Divorce Filings Increased after the First of the Year
It is not uncommon for divorce lawyers to receive an unusually high rate of inquiries concerning divorces at or around the end of the year. So what do you do if your spouse says to you in early 2013, “I’m filing for divorce?” To start with, do not create a violent incident. Discuss the situation with your spouse calmly and see if marriage counseling is a possible solution to your problem.
If it turns out a divorce is going to be moving forward, the first thing you need to do is to obtain copies of all financial records, tax returns, 401 K statements, pension statements, bank account statements, checking account statements, credit card statements, copies of paychecks and all other financial records are important items when considering moving forward with a divorce. A marriage is a social and economic partnership. When the social part is over, the issues to be decided by the court or negotiated into a settlement agreement involves child custody, visitation, equitable distribution of marital assets, child support and spousal maintenance (alimony).
Hiring a Divorce Lawyer
When a divorce is inevitable, you should immediately consider hiring a divorce attorney to protect your interests. Make sure you retain an attorney who can calmly explain to you how the divorce process works and who you are comfortable dealing with.
January 10th, 2013
It is said that marriages are made in heaven. If this is true, are divorces made in hell? I don’t believe so. Divorce is the result of a marriage not working out. The dissolution of a marriage takes place in the courthouse. Children born from the marriage are victims in a divorce. Children want their parents’ marriage to work. They want their parents to get along and stay together. They don’t understand the issues that cause their parents to divorce.
The standard for determining custody of the parties’ children is the “children’s best interest.” Which parent has superior parenting skills? Which parent enriches the children’s lives more? Which parent has been the nurturing parent or primarily involved in taking care of the children’s basic needs during the course of their minority? These issues are considered in determining what the children’s best interests are. Courts always render their decision concerning child custody and visitation related to what they believe is the children’s best interest.
What is joint custody? It is the sharing of parenting-time each parent has with the children; sharing responsibility in the children’s lives; having each parent contribute to the decision making process concerning the best interests of the children. Joint custody does not mean that the children live in two different places during the course of their minority. Generally speaking, there is one residential custodial parent and a non-residential custodial parent. Instead of one parent getting visitation with the children and the other parents having custody, each parent has parenting time with the children.
Parents Not Friends
Children need their parents. A parent’s responsibility is to educate their children, support their children and love their children. Sometimes parents have to take a tough line with their children to see to it they become responsible, law abiding, appropriate human beings. Tough love can be difficult but sometimes it is necessary in child rearing. Parents must distinguish themselves from the children’s friends.
Residential Custody and Child Support
In joint custody situations, as indicated earlier, one parent acts as the residential custodial parent. It is important to establish a specific residence for a child so the child will be allowed to register in his or her local school district. However, even if the parents have virtually equal parenting time with the child or children, the non-residential custodial parent has an obligation to pay child support to the residential custodial parent. There are times that this is unfair! However, the law to New York requires the non-residential custodial parent to pay child support to the residential custodial parent even if the non-residential custodial parent has the same or similar expenses for the child as the residential custodial parent.

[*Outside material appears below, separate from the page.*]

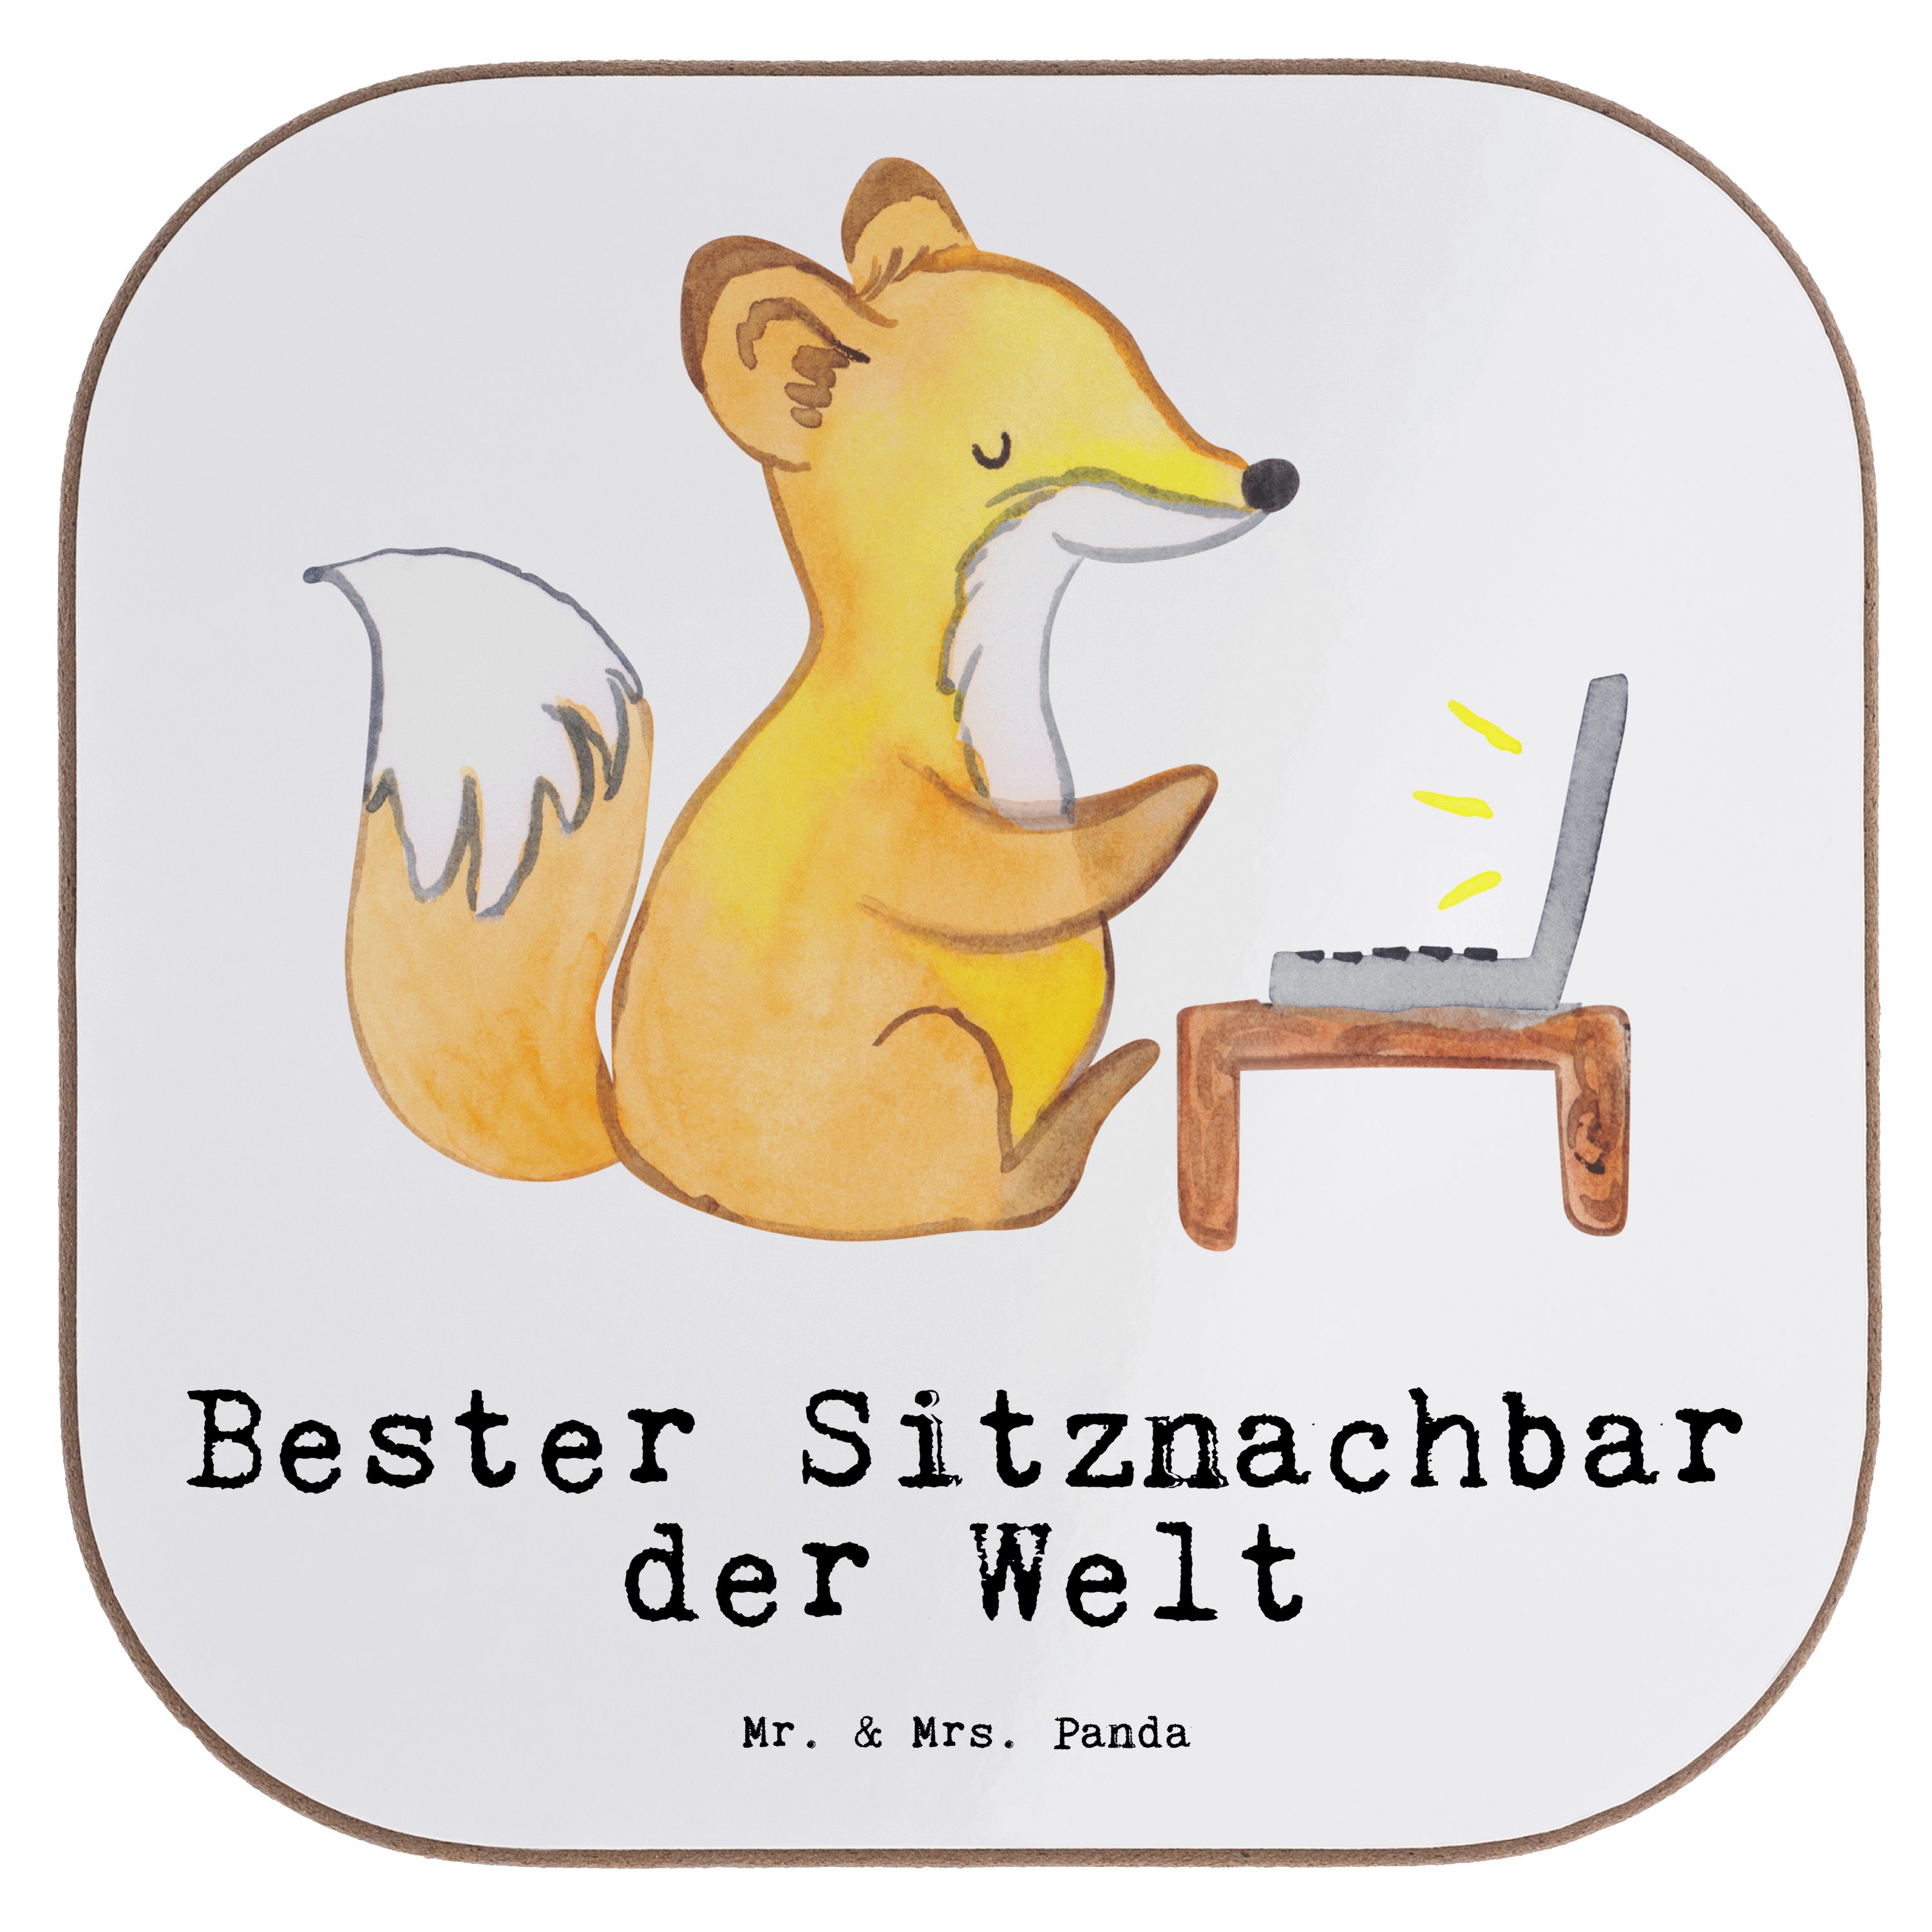 Mr. & Mrs. Panda Getränkeuntersetzer - 1-tlg. Welt Bester Getränkeunterset, der Sitznachbar - Geschenk, Fuchs Weiß

The best interest of the child is a fairly general term. Both mothers and fathers have equal rights to custody in New York. If the parents both want custody of the child, joint custody of the child may be a solution in many cases.
November 27th, 2012
Justice Matthew Cooper, sitting in Supreme Court, New York County, granted an application in the matter of Castaneda v. Castaneda, for a change in venue in a divorce proceeding from Manhattan to Suffolk County. The wife in this case brought an application claiming that the venueing of the case in Manhattan was improper. She resided in Suffolk County. Her husband resided in Queens County.
Justice Cooper, in his decision, wrote “that it appears to become an accepted practice for ‘so called divorce mills’ to file divorce actions in New York County even when neither of the spouses actually live in the county.” He presumed that they took this action because New York County processed divorces faster than other counties.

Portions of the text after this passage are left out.